Unsuitable Scenarios ❌

Floating-Point or Mixed-Precision Models: Current design unsupported
Dynamic Weights or Online Learning: Offline paths cannot adapt
Extremely Large Models (>10B): On-chip storage potentially insufficient
Highly Sparse or Non-Uniform Weight Distributions: Low LUT utilization

Insights for the Field

Hardware-Software Co-Design: Balance between offline optimization and runtime execution
Specialization vs. Generality Trade-off: Path switching achieves flexibility
Storage-Centric Design: Importance of memory architecture in LUT methods
Quantization-Hardware Matching: Natural fit between ternary weights and LUTs

Selected References

BitNet-b1.58 13: Ma et al., "The era of 1-bit llms: All large language models are in 1.58 bits"
T-MAC 14: Wei et al., "T-MAC: CPU renaissance via table lookup for low-bit LLM deployment on edge"
Prosperity 24: Wei et al., "Prosperity: Accelerating spiking neural networks via product sparsity"
BIQGEMM 18: Jeon et al., "Biqgemm: matrix multiplication with lookup table for binary-coding-based quantized dnns"
Eyeriss 27: Chen et al., "Eyeriss: An energy-efficient reconfigurable accelerator for deep convolutional neural networks"

Summary

Platinum represents significant progress in LUT-based neural network accelerator design. By cleverly decoupling path generation to offline processing and combining adaptive execution modes, it achieves excellent balance among hardware overhead, performance, and energy efficiency. The 73.6× speedup and compact 0.96mm² design make it a compelling solution for edge LLM inference.

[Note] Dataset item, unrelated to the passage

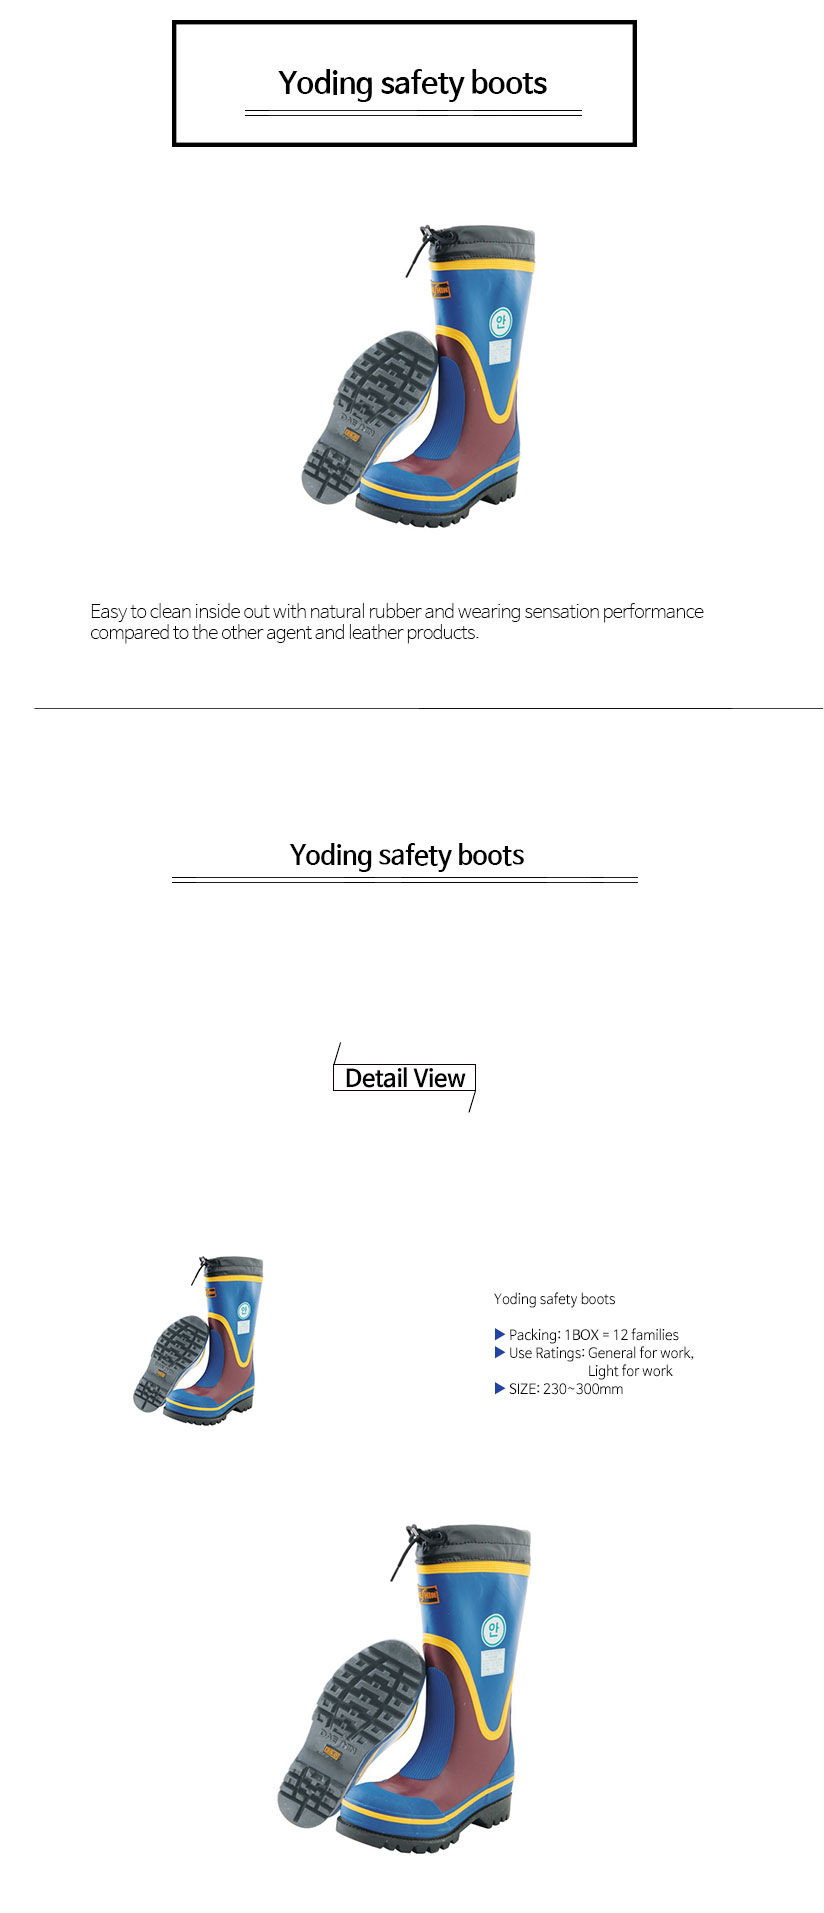 요딩안전장화Yoding-safety-boots.jpg

However, the work has notable limitations: dependence on specific models (BitNet), limited generality, and absence of open-source implementation. Future research can enhance adaptability while maintaining low overhead, extending to broader quantization schemes and model architectures.

Overall, this is a high-quality computer architecture paper with solid technical innovation and comprehensive experimental evaluation, providing a new design paradigm for low-bit neural network acceleration. Recommended for researchers and engineers working on neural network accelerators, quantized inference, and edge AI chip design.